In response to newly revised plans for affordable housing in Brooklyn Bridge Park, one Brooklyn Heights resident is using her city government experience as well as social media to rally opposition for proposed development at BBP’s Pier 6.
Lori Schomp, who recently left city employment to pursue a masters degree in public health, is leading a grass roots effort to oppose recently announced plans for two tall residential towers in the park, a decision that she and others believe will negatively impact the character of an area prized for it’s open views and ample green space.
Thanks to her petition on Change.org that claims that “parks are for people and plants, not skyscrapers and shadows,” Ms. Schomp has become the reluctant leader of a coalition of concerned citizens who are not only fighting an uphill battle against BBP’s plans but also against Mayor Bill de Blasio’s grand plans to remake the city’s housing market.
“We know there’s a lot of history in the park’s development that’s been controversial,” Ms. Schomp said recently to the BHB, “With the changes to Pier 6 plans [after an agreement expired that would have restricted the heights of these two buildings] we thought it made sense for the community to reassess its options.”
As reported Thursday in the Wall Street Journal, at a public presentation last week to announce BBP’s proposed plan, Brooklyn Bridge Park Corporation president Regina Myer said: “We are very interested in having mixed income in the park and having a project more like what Brooklyn looks like in the park.”

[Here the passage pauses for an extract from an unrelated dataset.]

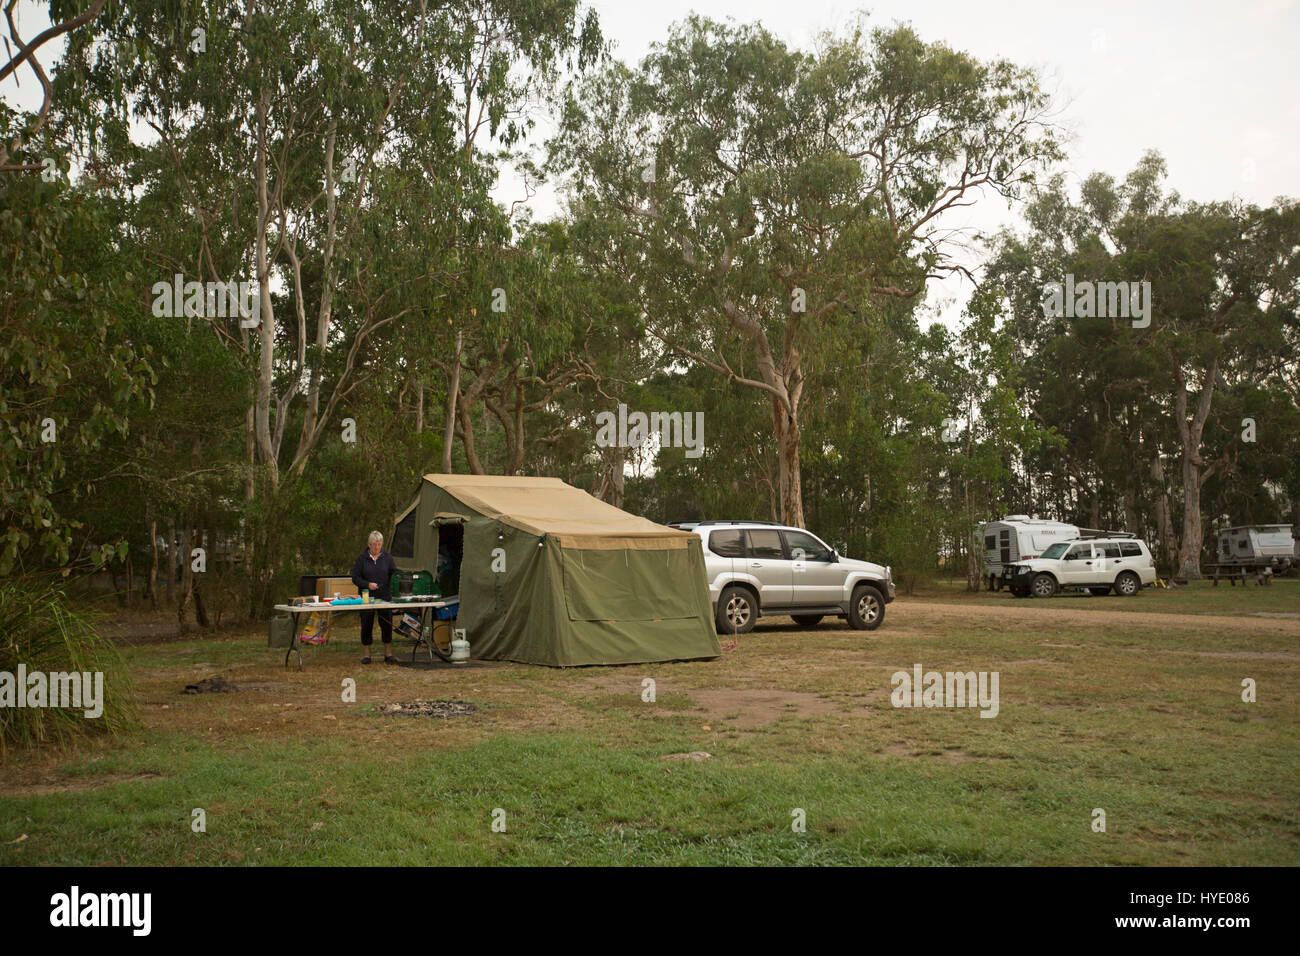 Campertrailer und Allrad Fahrzeuge fahren auf Campingplatz kostenlos Buschland mit Frau arbeitet am Gartentisch in New South Wales Australien Stockfoto

In response to Ms. Myer’s suggestion that affordable housing will make the BBP better reflect our borough’s diverse profile, Ms. Schomp said “I think the people who visit the park look like Brooklyn already. Building a skyscraper there is going to allow a very small number of people [who live there] to enjoy the park while impacting the experience of hundreds of thousands of people who visit every year. I don’t know if that’s a good policy trade off.”
The BBP plan is but one example of Mayor de Blasio’s $41 billion housing plan for New York City, a proposal that the mayor hailed as “the most expansive and ambitious affordable housing agenda of its kind in the nation’s history.”
Ms. Schomp is decidedly not cowed by the scale of the challenge ahead. “There’s room for looking at different options here and thinking things through… At the end of the day it’s a public space in the public domain so I think [with] all of our advocacy and our grass roots efforts we should be heard.”
While any housing plan in the park has proven to be a tough sell among local residents, Ms. Schomp—a relative newcomer to this fight who has lived in the Heights for a year—is not opposed to development in BBP, only that it be distributed equally throughout the park.
“There are residences going up on the wealthy part of the park, in front of the Brooklyn Heights promenade, that are going to be five and ten stories,” she explained. “In One Brooklyn Bridge there’s a huge building and now we’re going to have two large residential buildings. It seems like an uneven bargain to have this much housing, this much height, which is not in scale with the southern part of the park.”
The anticipated reward for her Herculean labors? Ms. Schomp hopes to adopt a dog and enjoy walking it in Brooklyn Bridge Park.
Photo: Massing study for possible residential tower at Pier 6
Correction: This post has been updated to reflect Lori Schomp’s employment record; this April Ms. Schomp left her job with the City of New York to pursue a degree in public health.